Zach Stein-Perlman 4 Sep 2024 22:09 UTC
9 points
3
in reply to: nikola’s comment on: nikola’s Shortform
OpenAI has never (to my knowledge) made public statements about not using AI to automate AI research
I agree.
Another source:
OpenAI intends to use Strawberry to perform research. . . .
Among the capabilities OpenAI is aiming Strawberry at is performing long-horizon tasks (LHT), the document says, referring to complex tasks that require a model to plan ahead and perform a series of actions over an extended period of time, the first source explained.
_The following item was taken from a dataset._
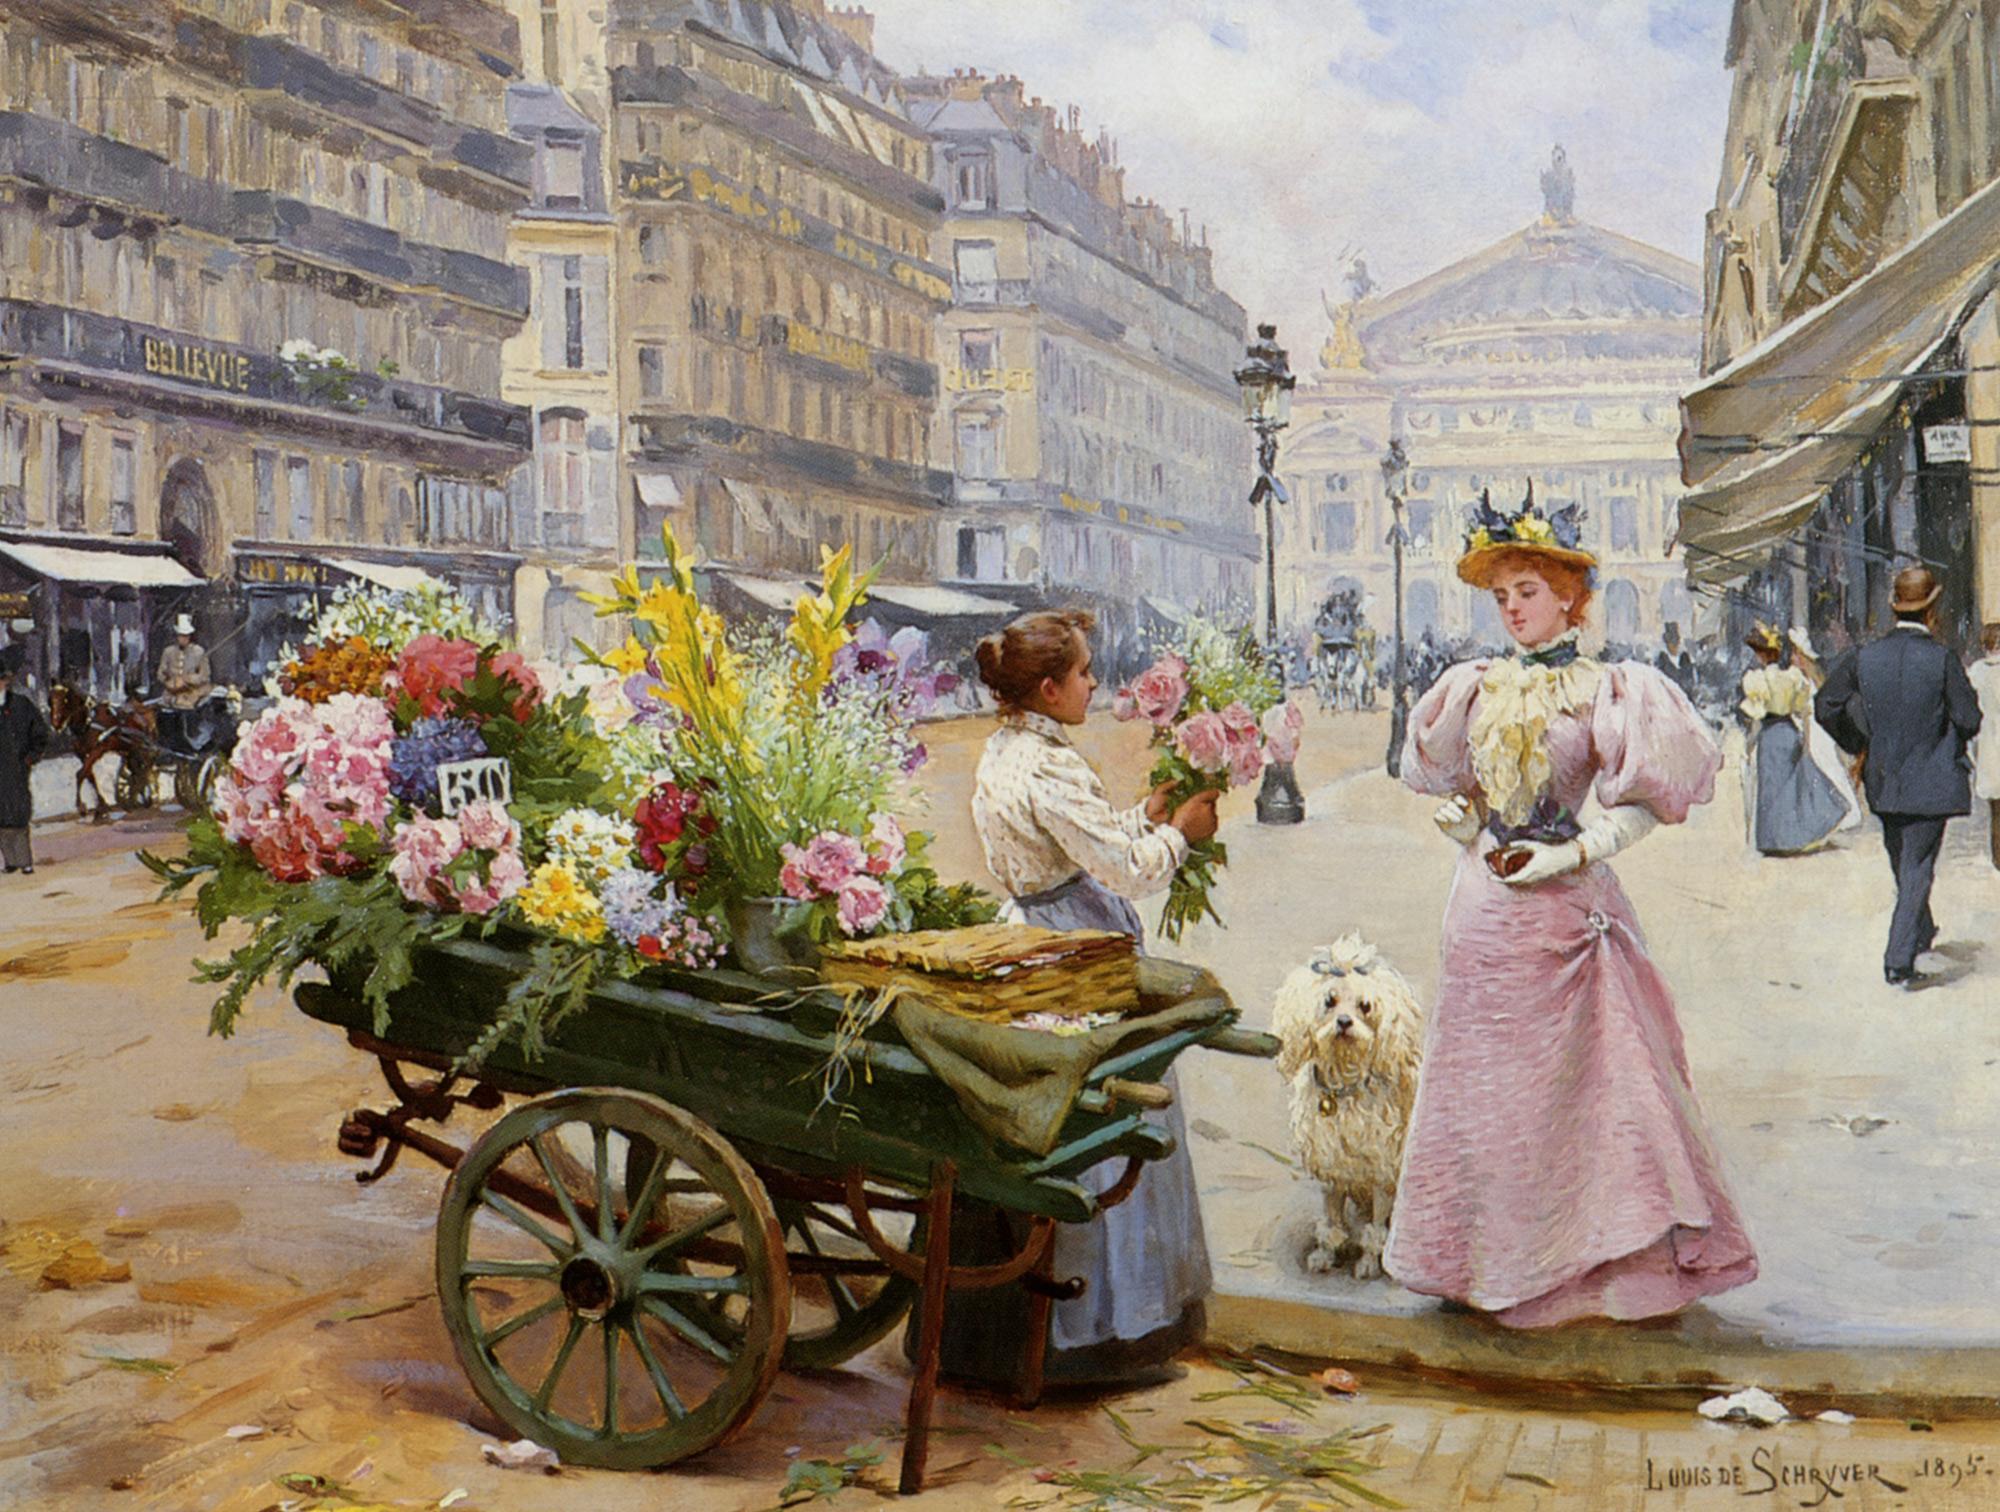 Mary at the flower merchant :: Louis Marie de Schryver - Street and market genre scenes ôîòî

To do so, OpenAI is creating, training and evaluating the models on what the company calls a “deep-research” dataset, according to the OpenAI internal documentation. . . .
OpenAI specifically wants its models to use these capabilities to conduct research by browsing the web autonomously with the assistance of a “CUA,” or a computer-using agent, that can take actions based on its findings, according to the document and one of the sources. OpenAI also plans to test its capabilities on doing the work of software and machine learning engineers.